Волков сердился на себя, на свою нерасторопность. Когда так опрометчиво стал сам жертвою этого увальня Шустова, который, походя, расправился с готовым ко всему агентом, и спокойно пошёл к зазнобе пополнить желудок очередной порцией хлебного вина.
Рядом спала жена Варвара, разметав по белоснежной подушке густые темно—каштановые волосы, которые сейчас казались цвета вороного крыла. Иван Андреевич скосил взгляд, но заметил открытые глаза жены.
– Болит? – спросила она совсем тихо, но Волков уловил её слова.
– Немножко.
– Ваня, – все так же тихо говорила она, – может, хватит с тебя сыскных приключений, – Пора…
– Не надо, – не дал продолжить Иван Андреевич, такой разговор возникал не так часто, но все же давал о себе знать, особенно после случаев, когда помощник по поручениям оказывался больным или раненым в кресле, – не будем об этом. Спи, – и сам закрыл глаза, чтобы не продолжать пустого разговора.
Следуя указаниям Путилина, Жуков с утра направился в артель, в которой работали убитые с Курляндской. Хотя вроде бы старшина и открестился незнанием, но не могли Морозовы все время молчать. О чем—то они говорили, строили планы, кому—то что—то могли сказать. Может и несущественное с первого взгляда для артельщиков, но нужное для следствия.
Старшина насупился и сквозь зубы поздоровался, видимо, больше не ожидая, что сыскная полиция его потревожит.
– Я же в прошлый раз все рассказал, что знал.
– В том и дело, что не все, – каким—то таинственным полушёпотом произнёс Миша. – Мы—то знаем, – и он подмигнул старшине, у которого на лице появилось непонимающее выражение.
– О чём? – спросил он шёпотом.
– О покупке трактира, – таким же тихим голосом произнёс Жуков.
– То ж с пьяных глаз Степан сболтнул, откуда у него такие деньжищи. Трактир—то, ого, сколько стоит.
– В этом ты прав, денег стоит, а Морозовы жили, как голь перекатная. Ты ж видел? – сказал Миша так, между прочим, может проговориться.
– Откель? – изумился старшина, – меня ни разу к себе не водил. Да и некогда по гостям расхаживать, вона сколько работы прибавилось. Степана с семьёй заменить некем. Пока новых людей в артель примем, время пройдёт.
– Это точно. А если Морозов надумал бы уходить из артели, тогда как?
– Да как? Опять же новых искали.
– Не завидное положение.
– Теперь вернёмся к Морозовым. Они с кем приятельствовали?
– В артели ни с кем? А помимо? Этого сказать не могу.
– Понятно. Работали—то они не в пустом месте. А кто—то рядом с ними был?
– Верно, работали они с Коськой и Ефимкой.
– Вот я и хотел бы с ними перекинуться парой слов.
– Сейчас позову, сразу обоих или по одному.
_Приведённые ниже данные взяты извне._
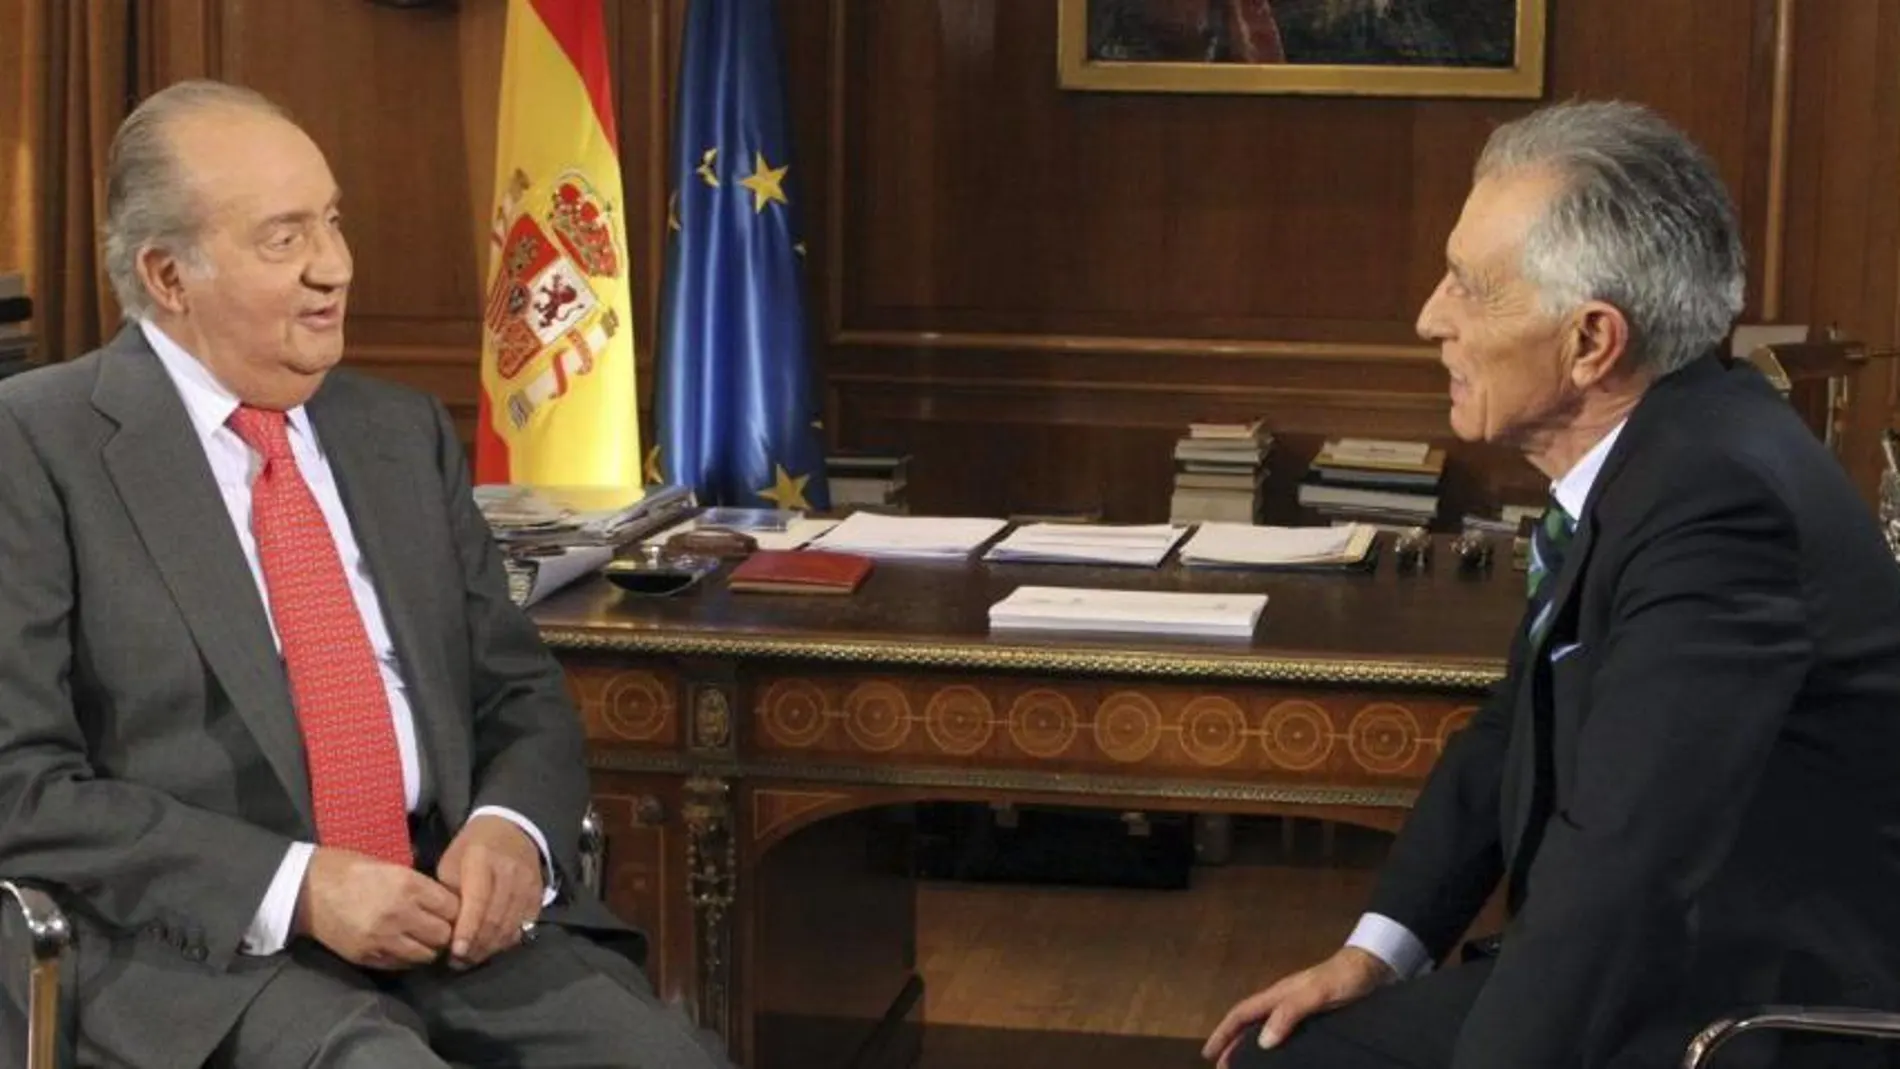 Fotografía facilitada por la Casa de SS.MM el Rey que muestra a don Juan Carlos siendo entrevistado por el veterano periodista Jesús Hermida, con motivo del 75 aniversario del Monarca
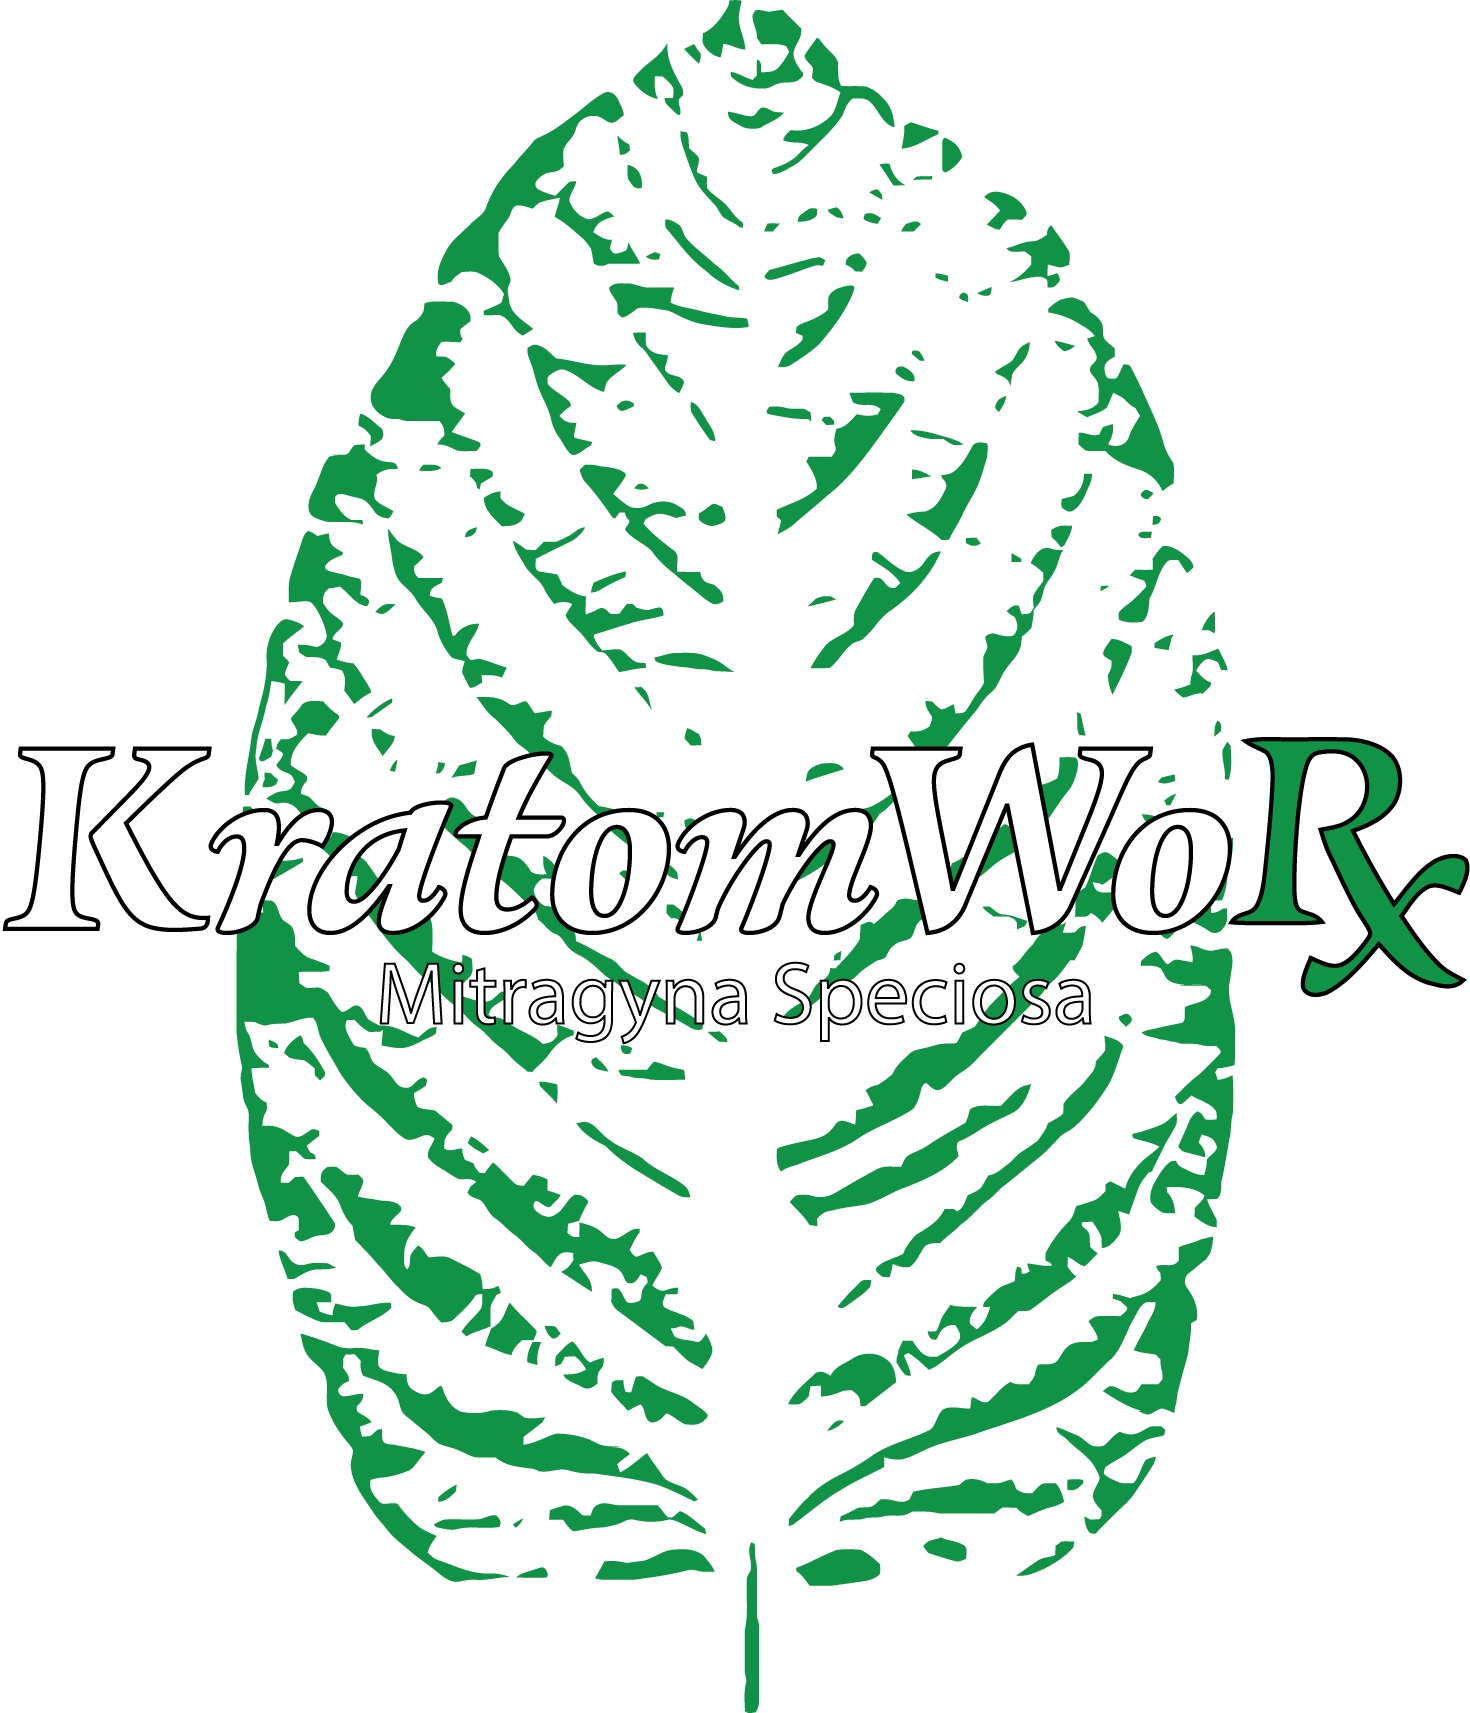 KratomWorx

– По одному, – серьёзно кивнул Миша.
Через несколько минут в комнату вошёл невысокий мужчина с проседью бородой. Но Миша обратил внимание на другое, вошедший приволакивал ногу.
– Мне сказал Афанасий, что вы, Ваше благородие, меня звали?
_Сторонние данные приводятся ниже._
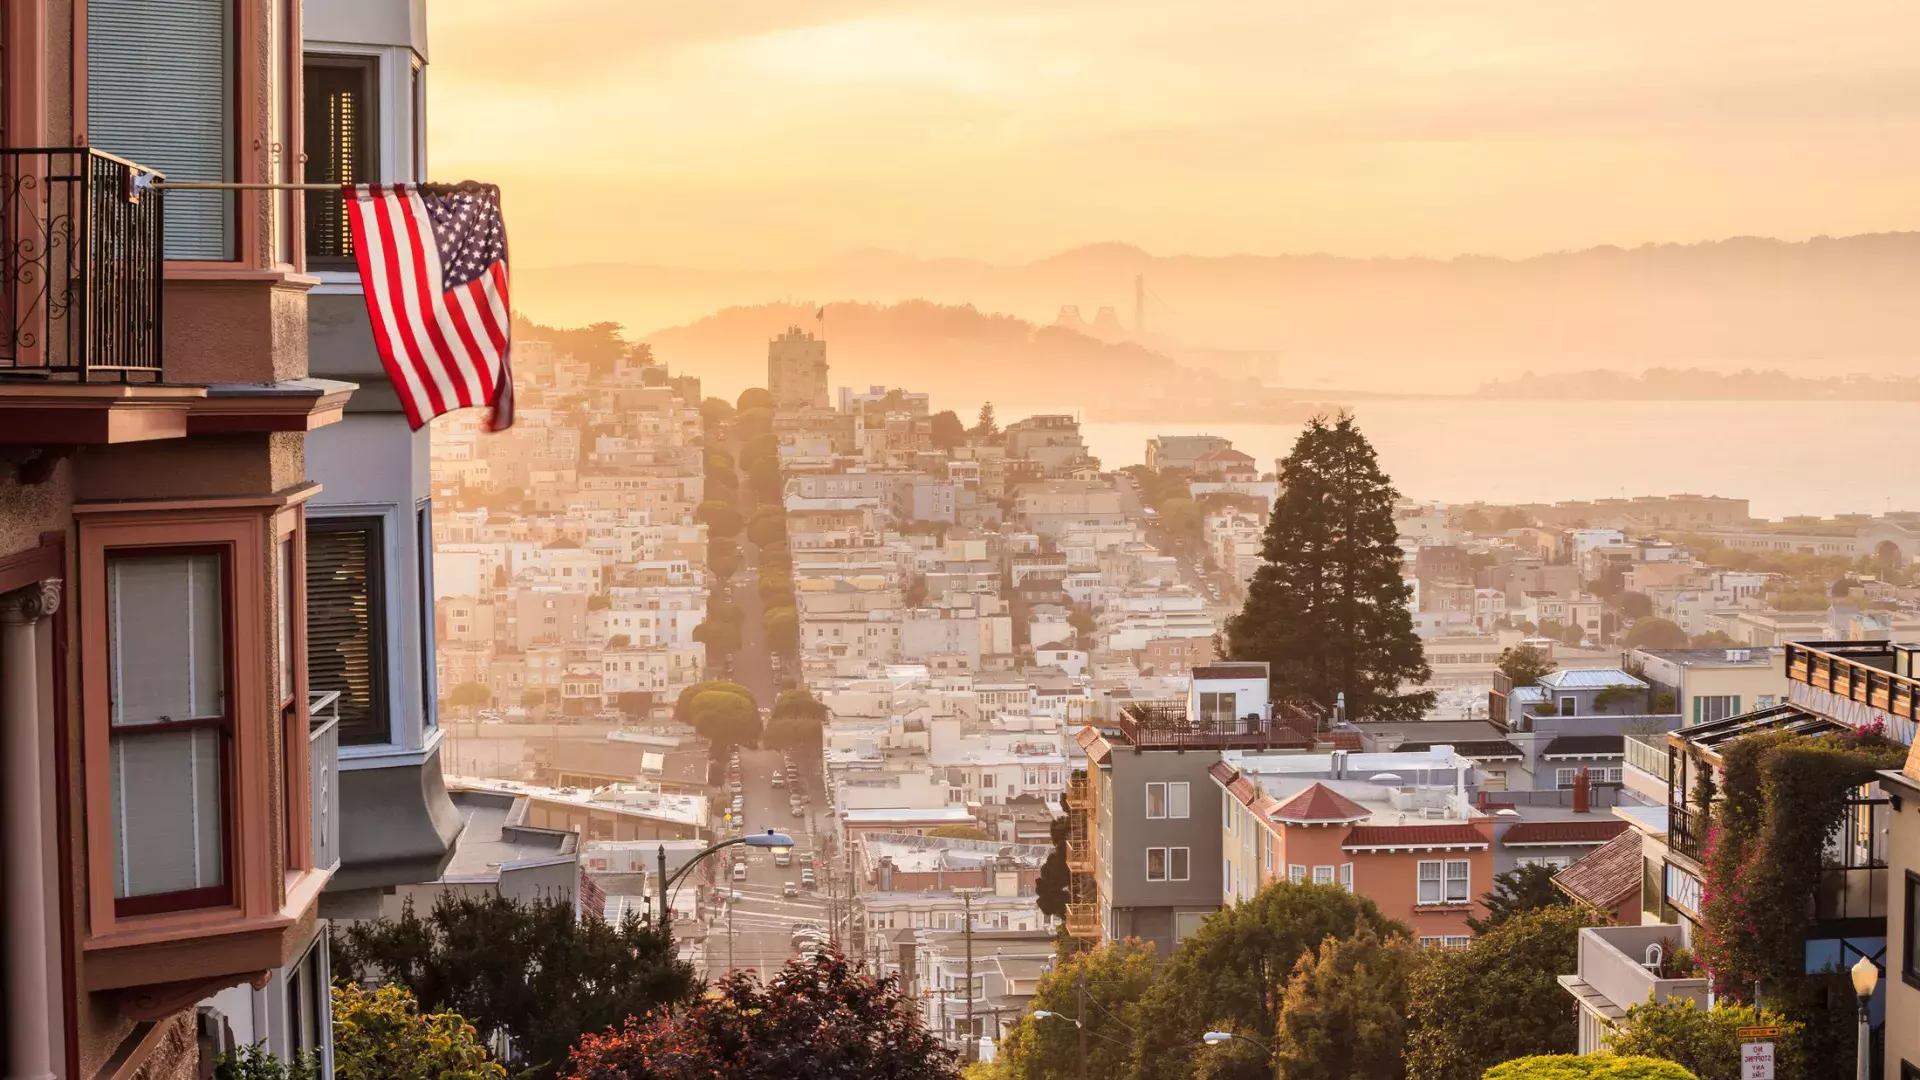 Une vue de San Francisco depuis le sommet d’une colline, avec un drapeau américain flottant au premier plan.

– Точно так, я – помощник начальника сыскной полиции Михаил Силантьевич Жуков. Имею намерение задать несколько вопросов про Морозовых.
– Жаль Степана и детишков его жаль, ни за что, ни про что жизни лишились.
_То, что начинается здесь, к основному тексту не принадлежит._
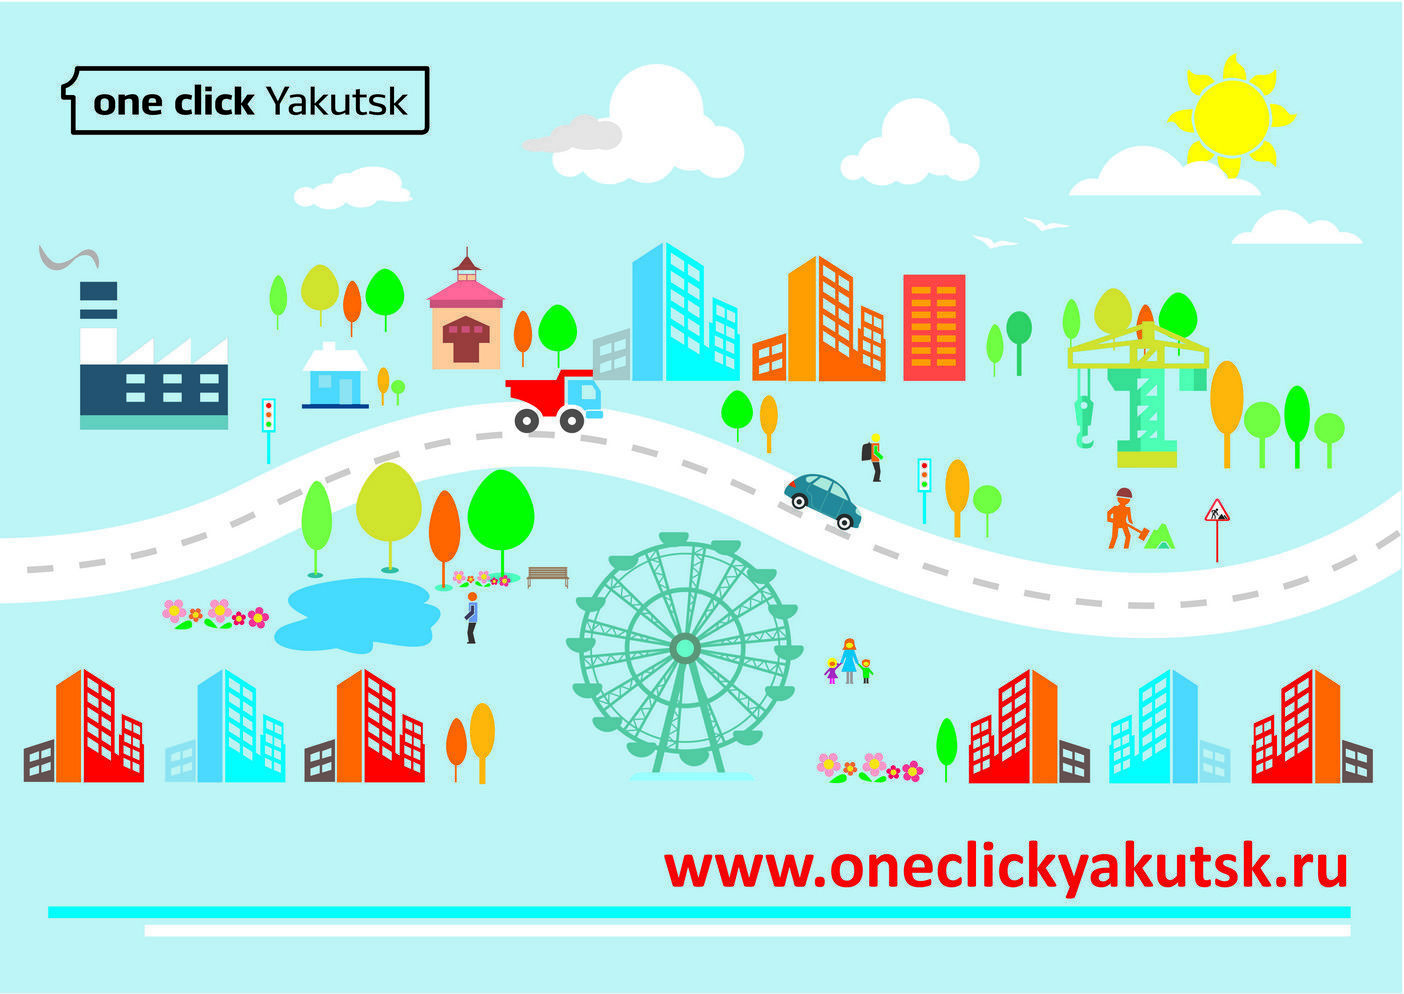 16 тысяч горожан пользуются One click Yakutsk

– Как ни про что? – ухватился за последние слова Миша.
– Так что с них было взять? Мышей аль тараканов. Да и те от них посбегали.
– Любопытно. Ты что ж у них бывал?
– Бывал, так меня даже чаем не напоили.
– От скупости?
– Да, вы что, Ваше Благородие, Степан, тот последнюю рубашку с себя снимет, если помочь надо. Не было у них ничего.
– Так вроде бы трое работали…
– Не трое, а все семеро. Правда, с ребятишек толку поменьше, но все равно руки к работе пригодные.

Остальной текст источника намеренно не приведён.